Liver transplantation candidates want to be involved in decisions regarding quality of the donor organ, and many are reluctant to accept organs with a higher risk of failure, according to research by U-M physicians and experts.

More than 42 percent of patients would choose to remain on the waiting list rather than accept a "lower quality" liver according to the study's lead author Michael L. Volk, M.D., M.S., assistant professor in U-M's Department of Internal Medicine, Division of Gastroenterology.

Research from Volk and his colleagues will appear in the December issue of Liver Transplantation, a journal published by Wiley-Blackwell on behalf of the American Association for the Study of Liver Diseases.

As of November 30, the Organ Procurement and Transplantation Network (OPTN) reports that 16,124 candidates are on the waiting list to receive a liver, with only 5,375 deceased donor organs recovered through August. Additionally, there is a large variation in quality of deceased donor livers, which is based on donor characteristics such as age, cause of death, and ischemia time. Previous research has shown that donor characteristics can make the difference between a 20 to 40 percent risk of graft failure by three years following transplantation.

"Organ quality is an important issue for all liver transplant candidates, increasingly so, given the aging donor pool and more frequent use of organs that carry a higher risk of failure," says Volk, who is a hepatology specialist.

"The decision to accept or pass on an organ could mean the difference between life and death for patients with end-stage liver disease. Communication of the risks versus benefits of accepting a 'lower quality' organ is critical, and understanding patient views on the subject is essential for physicians caring for transplant candidates."

For the current study, researchers tested presentation formats for communicating organ quality risks to patients, and factors that might influence patients' willingness to accept higher-risk organs. First, the team conducted interviews with ten patients on the waiting list for liver transplantation to determine their knowledge of organ quality and preferences for accepting organs with greater risk of failure. Based on qualitative information obtained from interviews, the team created a web-based survey which 95 candidates completed.

The findings show that patients are reluctant to accept higher-risk organs. Of those completing the survey, 58 percent would only accept organs with a 25 percent (or less) risk of graft failure and 18 percent would only accept the lowest possible risk of 19 percent at three years following transplantation.

Women were slightly more accepting of high-risk organs than men. Researchers found that risk tolerance was increased by presenting organ quality as "average quality" rather than "best quality," and by providing feedback about the implications of these preferences on the likelihood of receiving a transplant. Additionally, 83 percent of candidates were found to prefer an equal or dominant role in deciding whether to accept a higher-risk organ. This finding is striking given that, in most transplant centers, patient involvement in these decisions is minimal.

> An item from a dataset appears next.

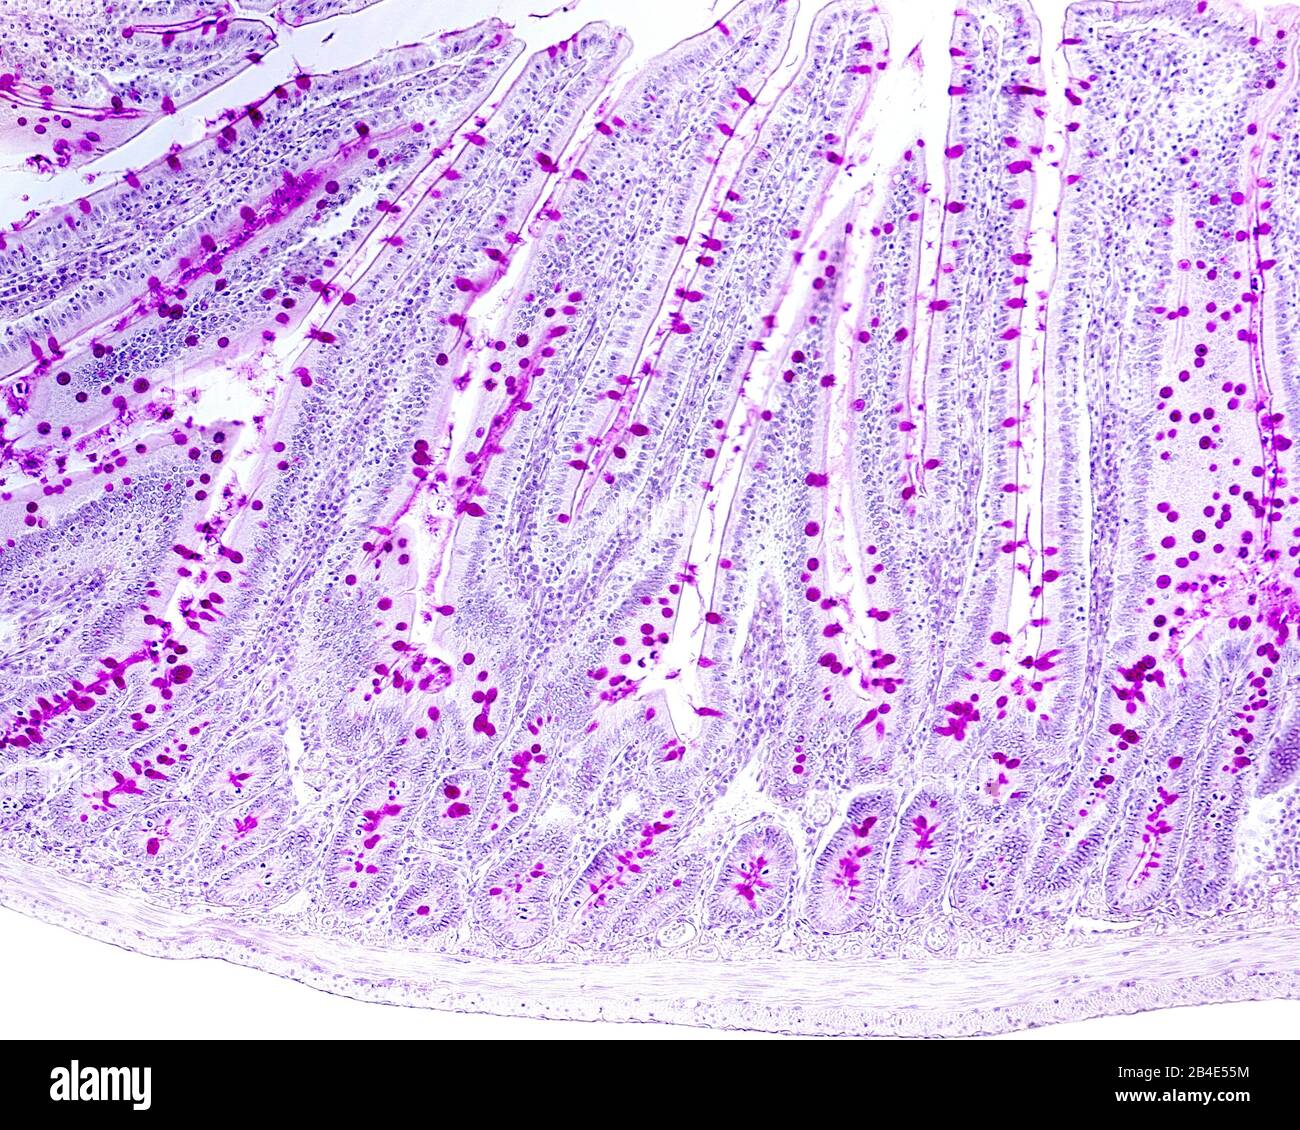 Micrographe lumineux des cellules de goblet coloré avec la technique pas. Ils sont situés dans l'épithélium qui tapisse les villosités de l'intestin grêle. La stria Banque D'Images

"Up until now, it has not been clear how much patients want to be involved in this complicated decision," says Volk.

"Furthermore, explaining the intricacies of this topic to sick patients is easier said than done. Our findings offer transplant physicians some useful guidelines for how to council transplant candidates on issues of organ quality."

The authors suggest future studies are needed to develop validated patient education tools that will enhance discussions between physicians and patients in need of liver transplantations.